[Dataset records]
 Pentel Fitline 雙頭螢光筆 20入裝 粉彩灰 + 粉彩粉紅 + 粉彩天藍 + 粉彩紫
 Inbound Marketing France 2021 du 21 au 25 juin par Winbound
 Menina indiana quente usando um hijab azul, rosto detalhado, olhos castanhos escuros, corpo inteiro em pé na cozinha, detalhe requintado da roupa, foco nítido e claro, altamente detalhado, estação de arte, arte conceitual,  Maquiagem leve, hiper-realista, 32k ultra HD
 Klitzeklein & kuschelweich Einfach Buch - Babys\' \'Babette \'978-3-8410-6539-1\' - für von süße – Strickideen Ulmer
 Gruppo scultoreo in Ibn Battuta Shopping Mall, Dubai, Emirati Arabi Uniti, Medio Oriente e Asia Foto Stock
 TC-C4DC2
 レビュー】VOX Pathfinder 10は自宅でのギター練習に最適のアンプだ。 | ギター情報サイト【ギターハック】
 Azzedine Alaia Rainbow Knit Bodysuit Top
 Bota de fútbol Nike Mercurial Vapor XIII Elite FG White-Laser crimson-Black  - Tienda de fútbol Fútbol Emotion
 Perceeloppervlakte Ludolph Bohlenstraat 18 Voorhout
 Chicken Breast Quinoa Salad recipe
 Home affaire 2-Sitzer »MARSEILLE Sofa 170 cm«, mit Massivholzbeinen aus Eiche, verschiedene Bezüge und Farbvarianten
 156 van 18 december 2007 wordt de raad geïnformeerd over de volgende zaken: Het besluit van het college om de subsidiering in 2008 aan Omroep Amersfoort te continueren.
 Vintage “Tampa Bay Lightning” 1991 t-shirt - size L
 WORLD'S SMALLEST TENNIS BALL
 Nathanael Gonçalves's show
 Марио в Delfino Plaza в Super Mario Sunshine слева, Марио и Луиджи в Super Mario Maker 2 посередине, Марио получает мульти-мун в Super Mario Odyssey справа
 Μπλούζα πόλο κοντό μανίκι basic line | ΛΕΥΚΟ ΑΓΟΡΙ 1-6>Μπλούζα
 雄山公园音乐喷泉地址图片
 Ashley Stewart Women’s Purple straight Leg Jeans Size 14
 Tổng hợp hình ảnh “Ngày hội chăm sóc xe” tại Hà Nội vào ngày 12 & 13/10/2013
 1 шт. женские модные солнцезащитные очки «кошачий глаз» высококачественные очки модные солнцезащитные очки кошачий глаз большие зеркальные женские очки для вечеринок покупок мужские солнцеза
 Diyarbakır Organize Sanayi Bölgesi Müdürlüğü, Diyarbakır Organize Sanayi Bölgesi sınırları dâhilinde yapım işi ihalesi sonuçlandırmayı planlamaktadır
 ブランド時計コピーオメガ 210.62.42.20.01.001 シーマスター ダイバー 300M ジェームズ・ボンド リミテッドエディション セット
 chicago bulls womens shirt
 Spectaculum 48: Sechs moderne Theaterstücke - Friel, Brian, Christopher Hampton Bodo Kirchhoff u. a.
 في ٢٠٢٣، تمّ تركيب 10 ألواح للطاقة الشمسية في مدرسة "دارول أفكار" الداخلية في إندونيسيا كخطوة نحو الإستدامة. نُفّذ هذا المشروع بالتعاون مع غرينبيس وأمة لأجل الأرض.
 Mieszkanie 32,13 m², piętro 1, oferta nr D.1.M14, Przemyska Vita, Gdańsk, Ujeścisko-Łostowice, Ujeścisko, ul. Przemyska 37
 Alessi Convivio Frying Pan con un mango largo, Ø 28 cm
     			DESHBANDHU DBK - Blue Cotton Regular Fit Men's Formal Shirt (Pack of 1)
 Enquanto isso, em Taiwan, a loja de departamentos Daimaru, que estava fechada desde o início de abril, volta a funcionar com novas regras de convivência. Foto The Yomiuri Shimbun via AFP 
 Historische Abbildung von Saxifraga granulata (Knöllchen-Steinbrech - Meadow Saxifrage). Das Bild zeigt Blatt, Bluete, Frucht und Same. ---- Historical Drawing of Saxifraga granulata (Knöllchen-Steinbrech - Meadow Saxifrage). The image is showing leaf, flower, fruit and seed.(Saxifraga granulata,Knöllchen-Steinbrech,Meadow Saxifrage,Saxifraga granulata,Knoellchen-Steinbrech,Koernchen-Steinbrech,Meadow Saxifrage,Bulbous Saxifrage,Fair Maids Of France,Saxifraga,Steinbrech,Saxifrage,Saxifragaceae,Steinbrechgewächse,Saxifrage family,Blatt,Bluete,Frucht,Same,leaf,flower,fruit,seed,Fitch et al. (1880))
[/Dataset records]
# [Task statement]
A single figure is the whole answer here: the number of lines in the records above that include "Foto".

# [Exercise answer]
2